What does fashion do to us? A group of ZHdK Master of Art Education students specialising in curating have questioned various social stereotypes and set in motion a rethinking process: Emerging from a teaching project, the exhibition “UNLABEL: Fashion Beyond Categorization” at the Museum für Gestaltung Zürich, transforms queer theory into exhibition practice.


Fashion seems ubiquitous. On posters, on the web, in social media: Fashion models beam at us with broad smiles wherever we look. “We don’t only wear clothes to protect ourselves against the cold, wind and weather. They also create identity. But fashion often embodies very conservative role models,” says Lena Seefried, the student project manager of the exhibition “UNLABEL: Fashion Beyond Categorization.” “We consider reinvigorating the social discourse on origin, identity and gender highly urgent.”

From sex toys to haute couture

Theoretical fundamentals, the concerns of the LGBTIQ* movement as well as current positions from fashion design and art form the core of the exhibition. “Queer theory deals with the most diverse forms of discrimination. ‘UNLABEL’ takes up this concern, without patronising vistors but instead aiming to open up spaces of possibility,” says Brooke Jackson on behalf of the curatorial team. From the modular sex toy, which is supposed to appeal to as broad a spectrum of people as possible under the term “Genderfull Design,” to the haute couture collection, one theme in particular runs through the exhibition: the questioning of gender constructions. What does this mean? “The knitted oversized sweater designed by Jacqueline Loekito is a good example. It seems so dominant and sculptural that its wearer’s gender disappears behind the garment and becomes irrelevant,” explains Brooke. Flowing dresses and fabrics are as much a focus as classic girl’s colours, which are newly connotated on male wearers. “Fashion is our starting point, but our inquiry extends to other areas. This is evident in toys specially designed for boys or rather for girls,” says Johanna Spögler, a member of the exhibition’s educational team. Who am I? What does it mean to be a woman or a man? How can I present myself beyond role models?

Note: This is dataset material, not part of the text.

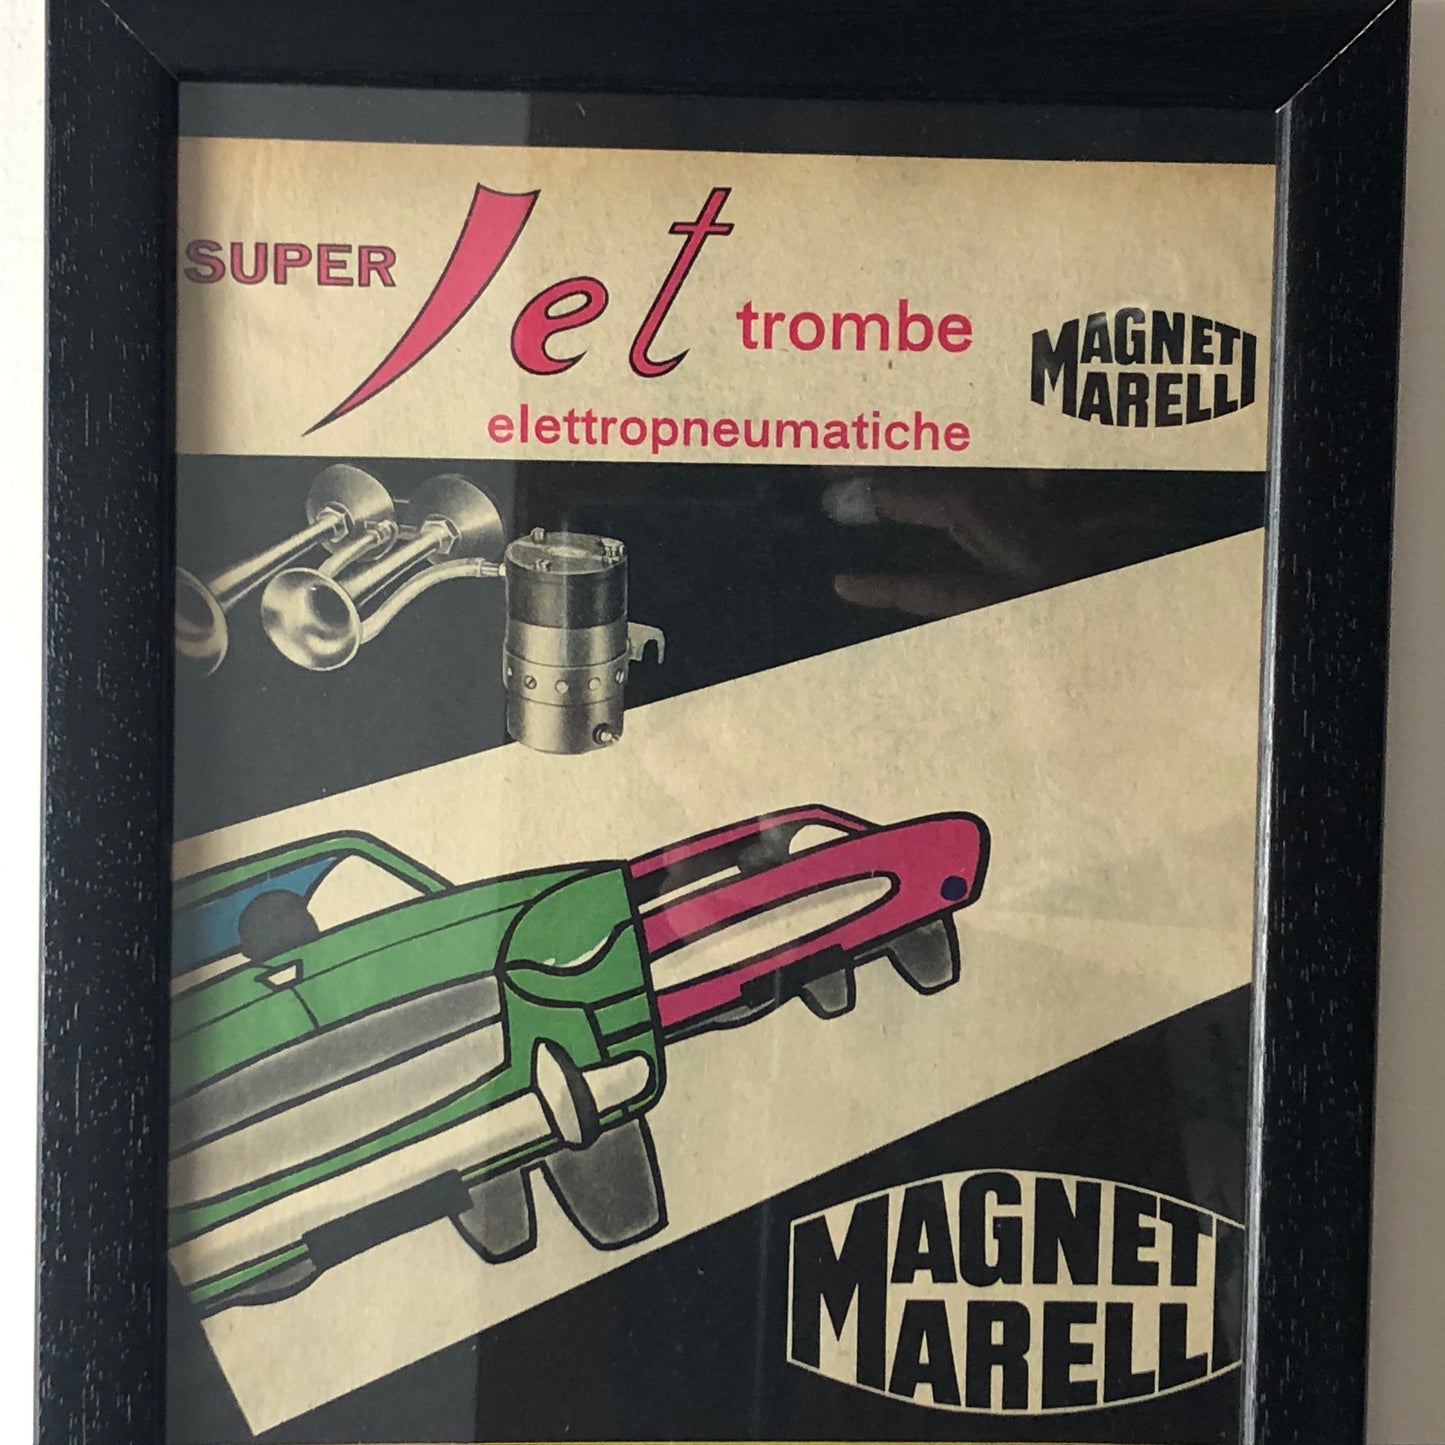 Magneti Marelli, Advertising Year 1960 Magneti Marelli Super Jet Electropneumatic Horns Designed by Studio Dalla Costa.

The collection “Bold is my favourite colour” by Julian Zigerli was created in association with the photographer Walter Pfeiffer (2018). Photograph: Claude Gasser

Veiling and revealing

From the idea to the exhibition opening, the 18 students participating in the project have also achieved a lot in terms of organisation and communication. From the outset, the scenographic team worked closely with the curatorial team so as to enable visitors to experience the discourse in the exhibition’s architecture. “Our basis was the veiling and revealing of identity, where fashion is a means of self-expression,” says Leslie Ospelt from the scenographic team. “We have developed this theme into a game with simple wooden frames and different materials such as fabrics, tarpaulins and lacquer foils, which lend character and create references to the discursive positions. The audience is invited to question stereotypical identities and to participate in several events: “Cut It Out!,” “Body Experience” and “Pretty Pink, Baby Blue”. Or as Brooke puts it: “We are labelled with fashion, and our goal is to prise open this categorization.”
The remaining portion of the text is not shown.